KRAUTHAMMER: It was never the hands-on professorship. It was reading Mill, and then reading Isaiah Berlin’s Four Essays on Liberty, two of which are about Mill that made me sort of understand why I was attracted to him. So it very starkly, in sentences that were a hundred words long, and Isaiah could go on and on, he was a very comma heavy guy. You were waiting to get to a period so you could breathe.
KRISTOL: That influenced your terse style?
KRAUTHAMMER: No, I think—Yeah, I write very short sentences.
KRISTOL: You do, I think it’s very effective, yeah.
KRAUTHAMMER: But I mean, that sort of fleshed it out in a modern way. And I thought, when kids come to me and say, “What should I read?” I say, “Read Berlin, and then read the original, and John Stuart Mill, and then you read the Founding documents.” And you’re well on your way.
So that was the influence.
KRISTOL: That’s interesting.
KRAUTHAMMER: In terms of professors, there was a wholly different story, but I had a professor of philosophy at McGill, who was a man called David Hartman, well known many years later for running the Hartman Institute in Jerusalem, which was an attempt to mold Judaism orthodoxy and modernity at the same time, which was sort of a noble endeavor.
But he taught Maimonides, and I took his course, and became sort of a disciple. I had been raised in an Orthodox Jewish home, I studied all of the text word by word, and I was living in the—
I was living in the trees. I never got a view of the forest. And all of a sudden there’s the greatest of all Jewish philosophers, essentially an Aristotelian, so I already knew Greek philosophy, and I encounter Jewish Aristotelianism, what’s this about? And it sort of renewed my commitment to Judaism.

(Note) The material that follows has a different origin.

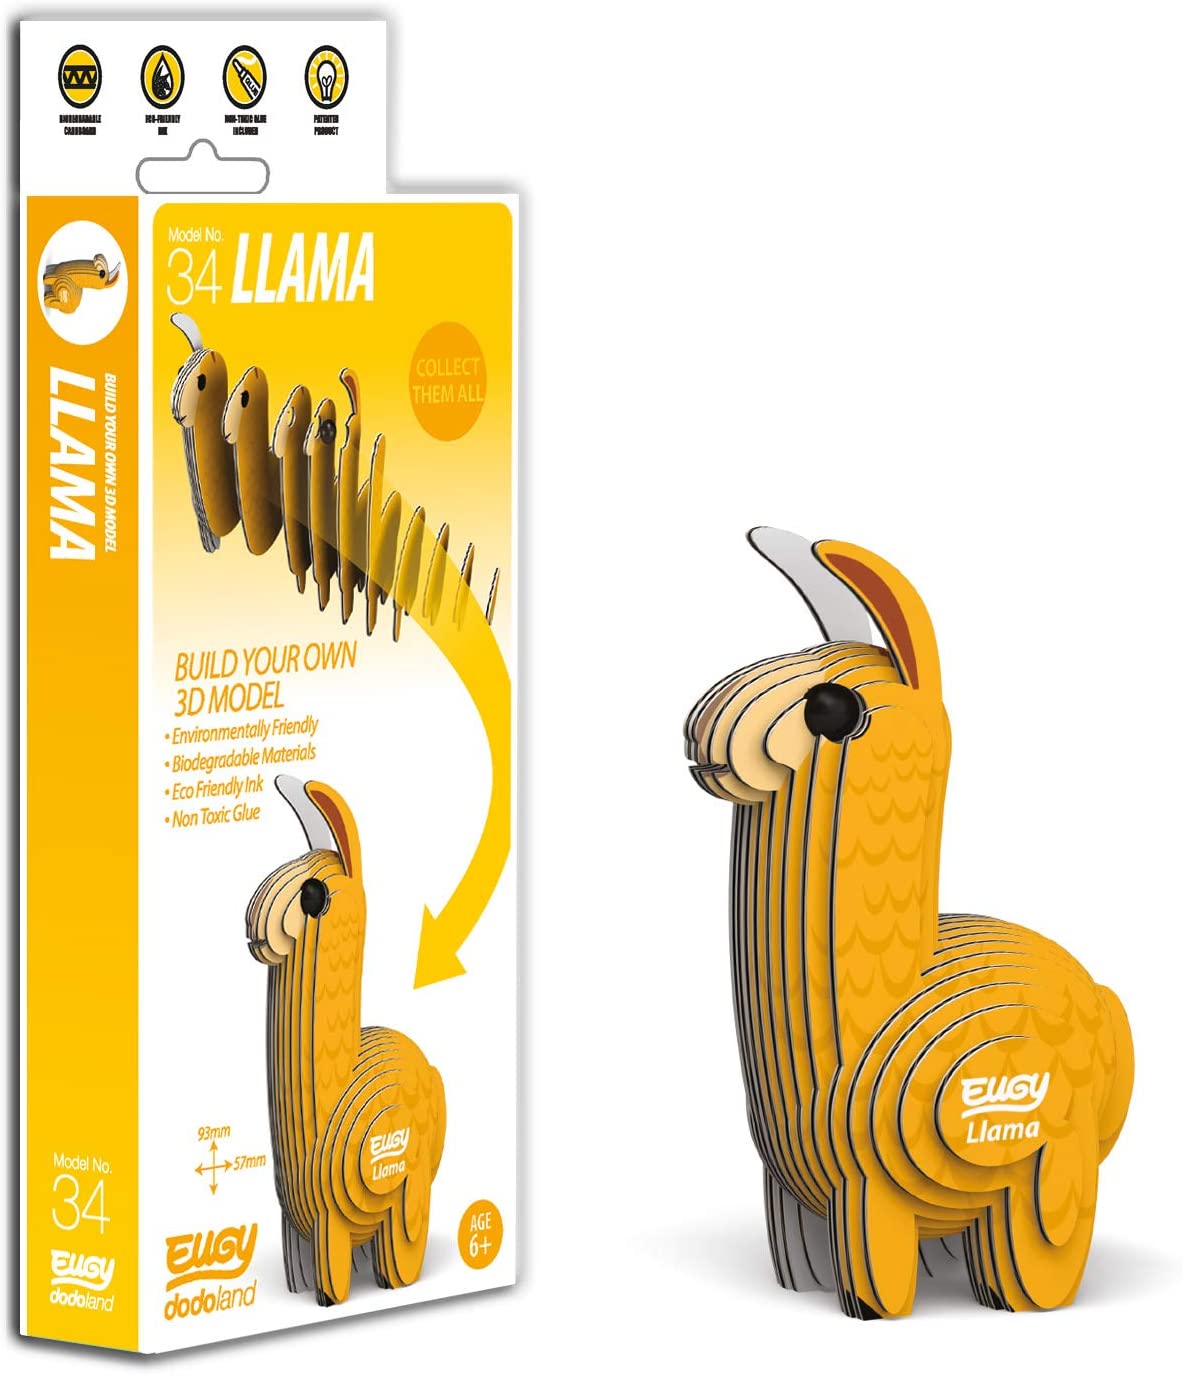 EUGY Llama 3D Puzzle

I had felt it small, peripheral, sectarian as all sixteen-year-old college students do. I had discovered the world, and was going to leave all of this behind, because I was too sophisticated for it. And then in my third year I took Hartman’s course in Maimonides, and I’m thinking this is pretty serious stuff.
KRISTOL: Impressive.
KRAUTHAMMER: It stands up to the Greeks, stands up to the philosophers of the age, and it gave me sort of a renewed commitment to and respect for my own tradition, which I already knew, but was ready to throw away. And I didn’t throw it away as a result of that encounter.
KRISTOL: Yeah, that’s terrific. And then you went to medical school, and I’ve noticed, I didn’t know you then that clearly shaped, I don’t know if it shaped you, or you had a sort of scientific interest, inclination, but certainly you can see that in your writing too, a kind of, sort of guided by the facts, experimental, I don’t what the right way to say it is, but a kind of –
KRAUTHAMMER: My real interest in life is physics. I mean, apart from anything I’ve ever done, if—And the reason I didn’t go to a career in physics is because, very simply I wasn’t a genius, and I knew it pretty early, and there were geniuses, I saw some, and I read some.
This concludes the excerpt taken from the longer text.